Agitprop

“Politics would be a helluva good business if it weren’t for the goddamned people.” — Richard M. Nixon

So, in simple terms, this is what Bill C-61 will do to me. Oh, and you too.

Continuing from my previous circumlocutory post, here is a simple list of the things that will be denied us by Bill C-61 should it gain Royal Assent:

  • make backups of our DVDs,
  • move our media to other devices,
  • use our media in perpetuity,
  • exercise our rights to fair dealing,
  • re-mix DRM-ed public domain material,
  • unlock our phones,
  • use all of our phones’ features, and
  • remove DRM software.

This list is taken — dare I say, copied — from a very readable and concise series of talking points to defeat Bill C-61 by Brendon Wilson.

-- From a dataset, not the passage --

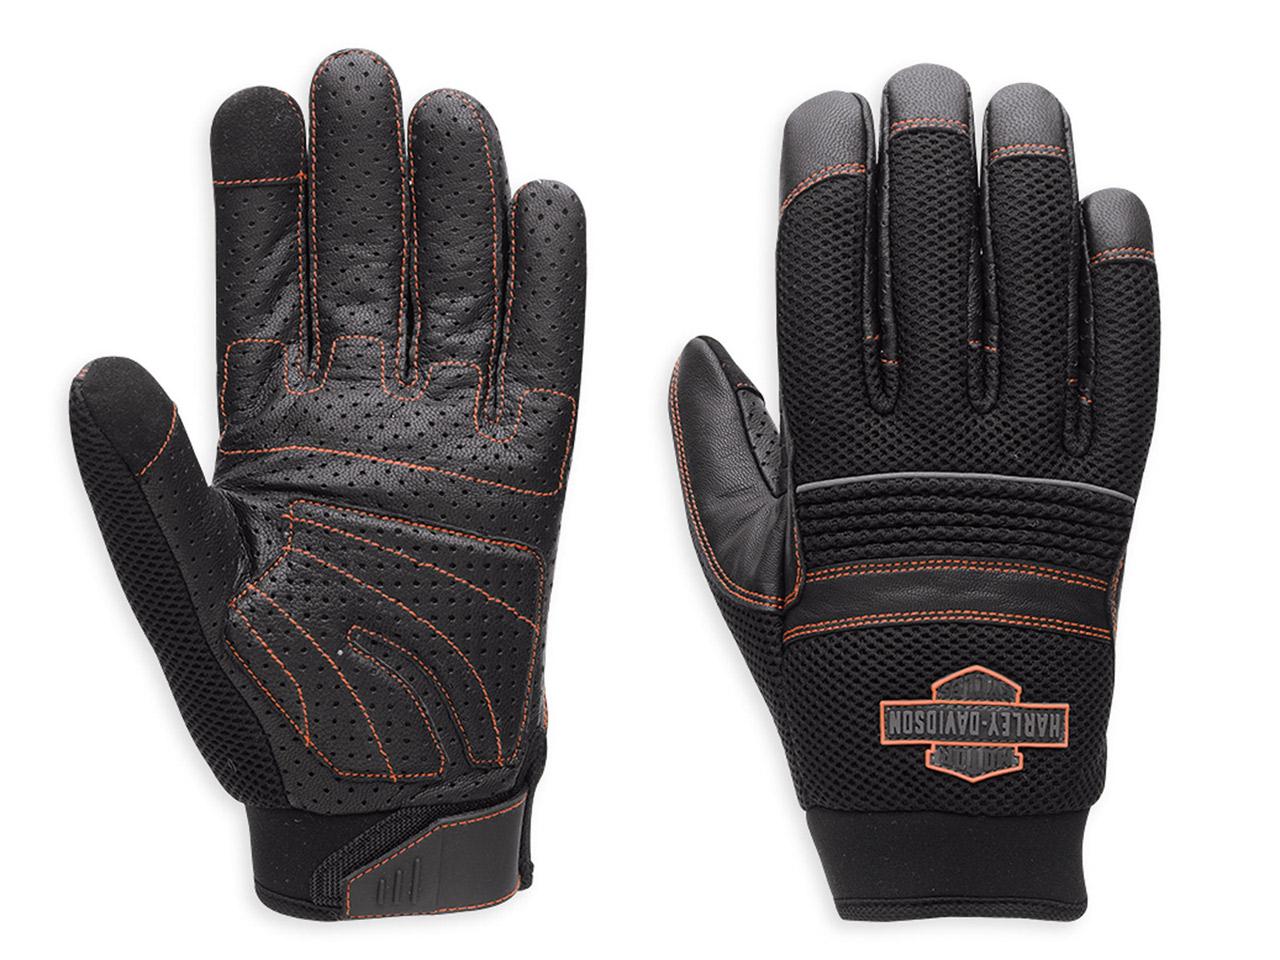 98364 15vm harley davidson handschuhe saddle mesh leder
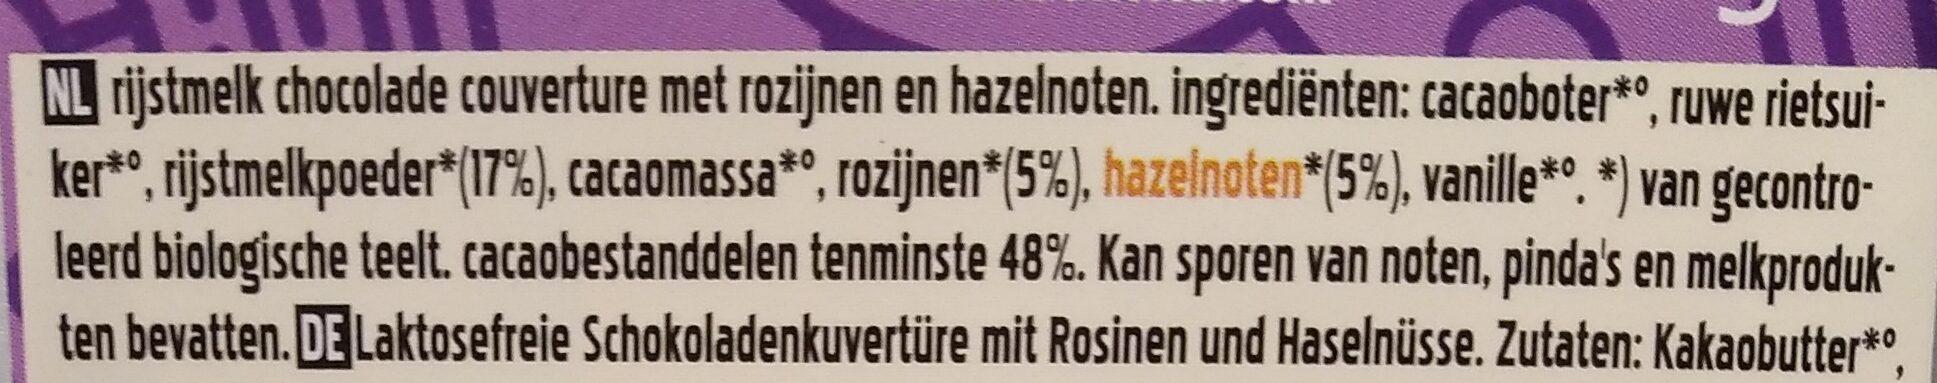 Rice milk raisins hazelnuts - Ingrediënten - nl

Michael Geist is also writing about common family activities that will become illegal under Bill C-61 in a week-long series.

The Globe also featured an interview about the bill with University of Ottawa professor, Jeremy deBeer, which illustrates just how few copyright-related activities that Canadians take for granted will still be allowed should the bill pass.

Here are just three things we all can do to protest Bill C-61. I worry that 30 minutes with Larry might render me unconcious, but Meat Loaf told me — in person (Kingston, 1987) — that two out of three ain’t bad.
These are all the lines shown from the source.